Let there be 2 matrices $$A$$ and $$B$$ where

$A = \begin{pmatrix} a_{00} & a_{01} \\ a_{10} & a_{11} \\ \end{pmatrix}$ $B = \begin{pmatrix} b_{00} & b_{01} \\ b_{10} & b_{11} \\ \end{pmatrix}$

The tensor product of $$A$$ and $$B$$ is represented as $$A \otimes B$$ and is evaluated as

$A \otimes B = \begin{pmatrix} a_{00} \cdot \begin{pmatrix} b_{00} & b_{01} \\ b_{10} & b_{11} \\ \end{pmatrix} & a_{01} \cdot \begin{pmatrix} b_{00} & b_{01} \\ b_{10} & b_{11} \\ \end{pmatrix} \\ a_{10} \cdot \begin{pmatrix} b_{00} & b_{01} \\ b_{10} & b_{11} \\ \end{pmatrix} & a_{11} \cdot \begin{pmatrix} b_{00} & b_{01} \\ b_{10} & b_{11} \\ \end{pmatrix} \\ \end{pmatrix}$

#### Disclaimer

I have used the term unitary transform and unitary operation interchangeably (since they mean the same thing).

## Introduction

Given a quantum state $$\left| \psi \right> = \alpha \left| 0 \right> + \beta \left| 1 \right>$$ with unknown complex coefficients $$\alpha$$ and $$\beta$$, is it possible to replicate the state onto another qubit? In other words, is it possible to go from $$\left| \psi \right>$$ to $$\left| \psi \right> \otimes \left| \psi \right>$$? Let us form a hypothesis.

### Hypothesis:

Given an unknown quantum state $$\left| \psi \right>$$, there exists a unitary transform $$U$$ such that it replicates the state $$\left| \psi \right>$$ to $$\left| \psi \right> \otimes \left| \psi \right>$$.

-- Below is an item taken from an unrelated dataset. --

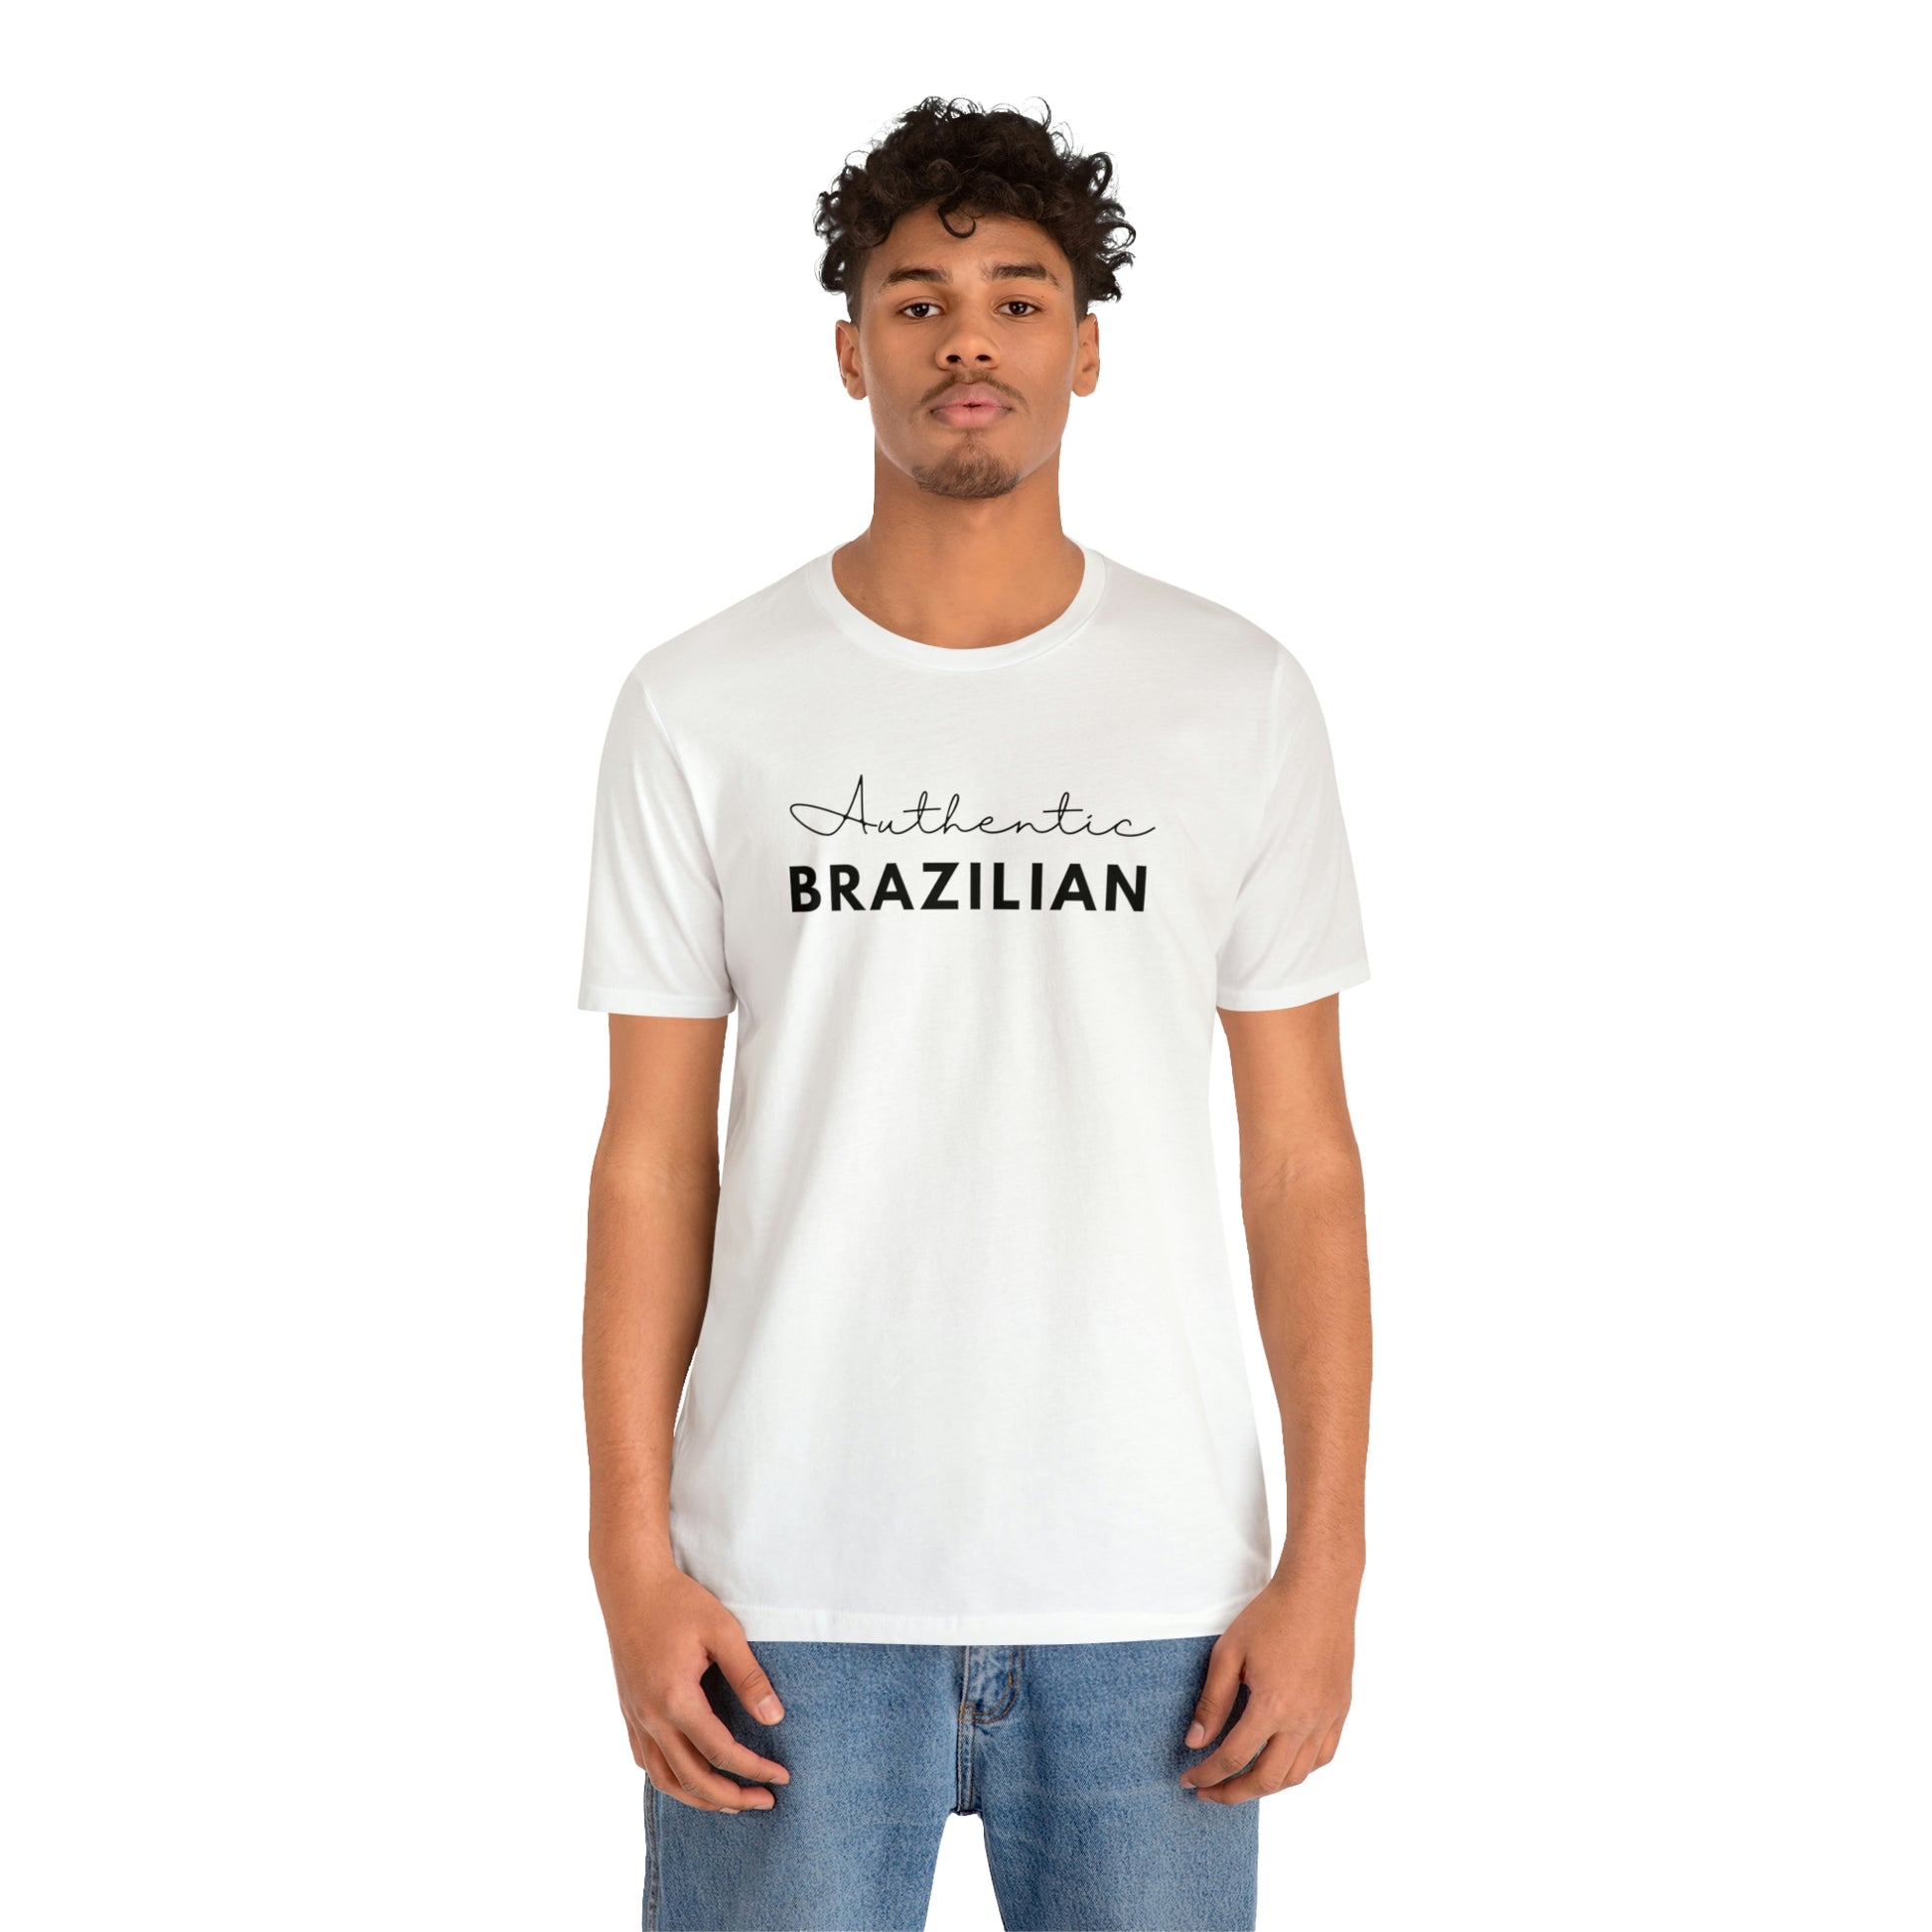 Authentic Brazilian Unisex T-shirt
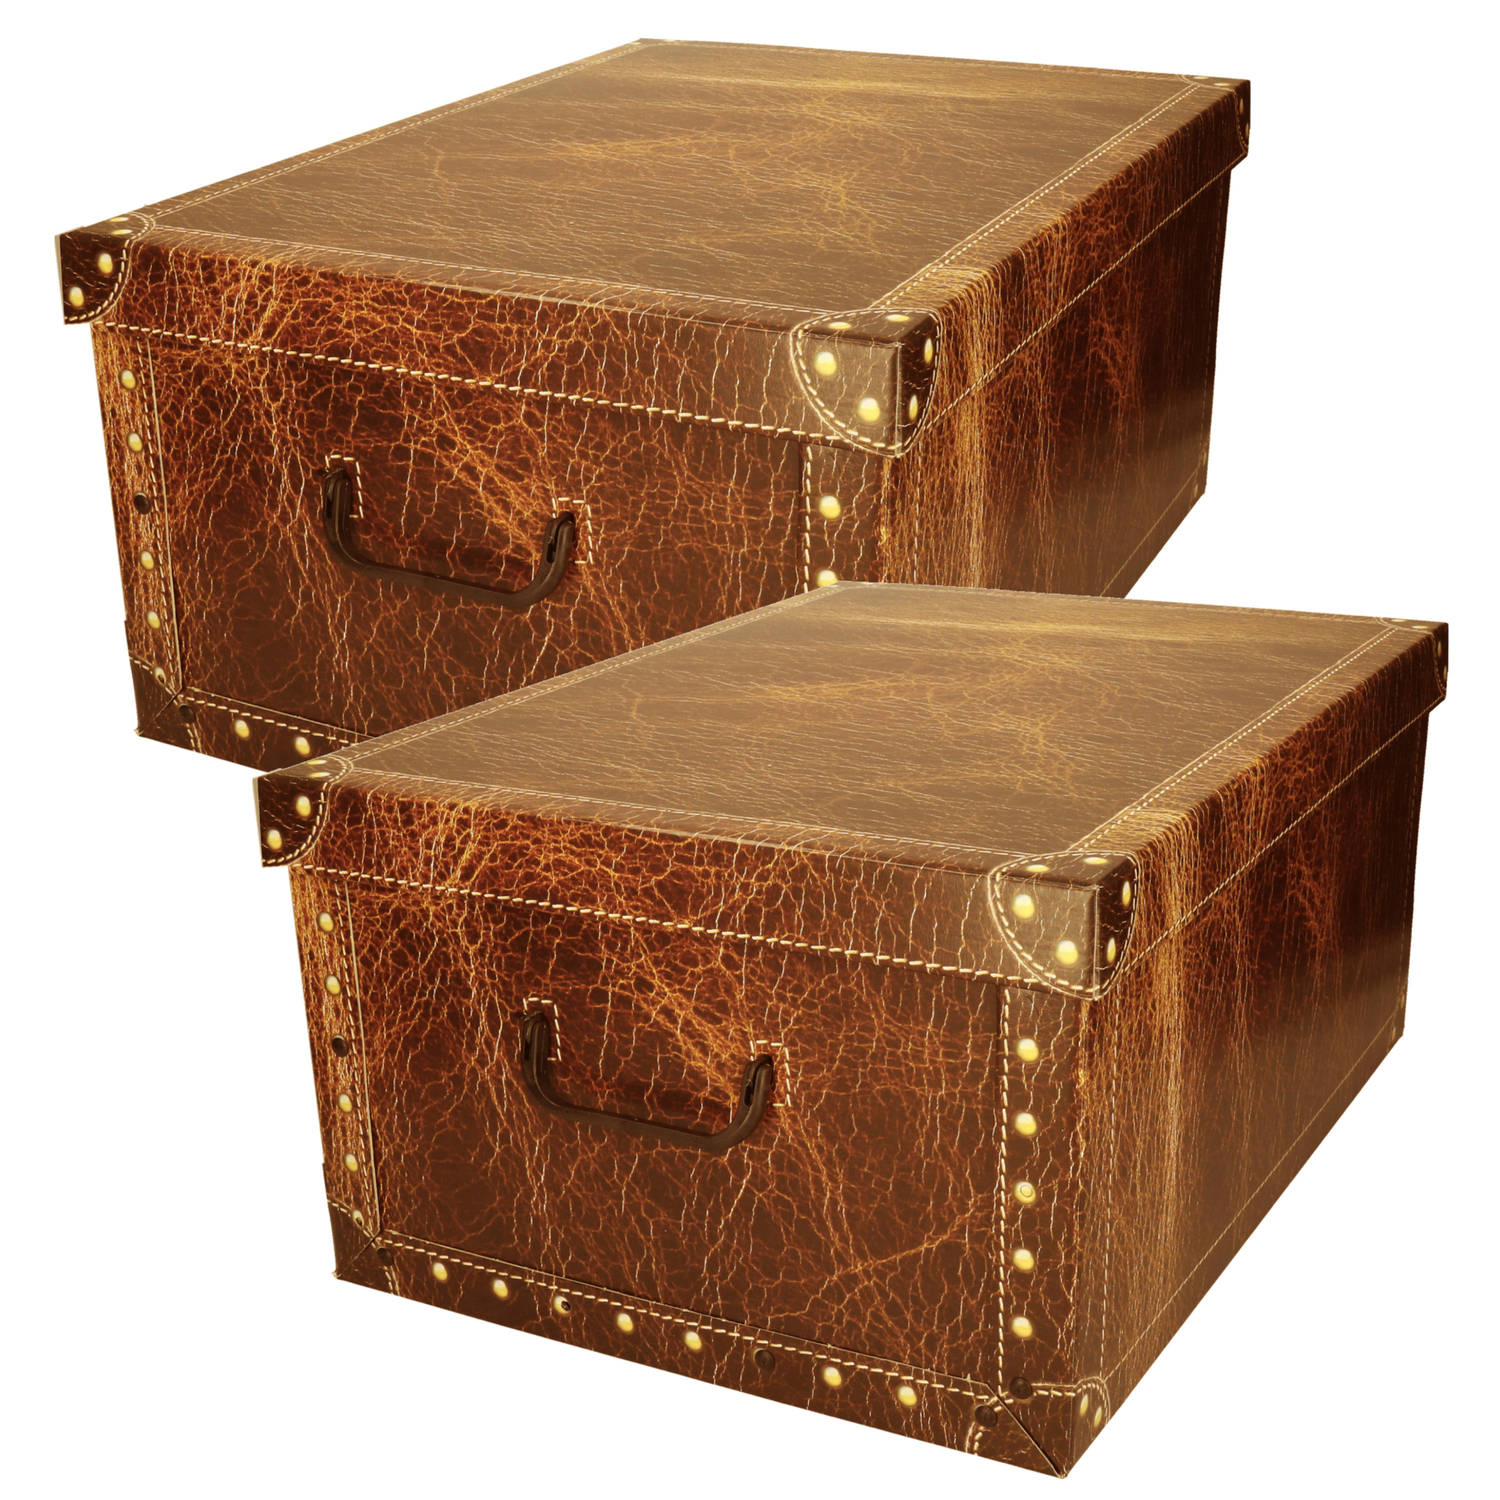 Pakket van 2x stuks opbergbox/opbergdoos van karton bruin leer motief 51 x 37 x 24 cm met deksel - Opbergbox

From the postulates of quantum mechanics, any transformation of a quantum system must be unitary. Hence, we are trying to look for a unitary operation $$U$$ to make the following transform:

$U \left| \psi \right> \otimes \left| 0 \right> = \left| \psi \right> \otimes \left| \psi \right>$

Here the inputs are $$\left| \psi \right>$$ and an ancilla qubit (in our case $$\left | 0 \right>$$).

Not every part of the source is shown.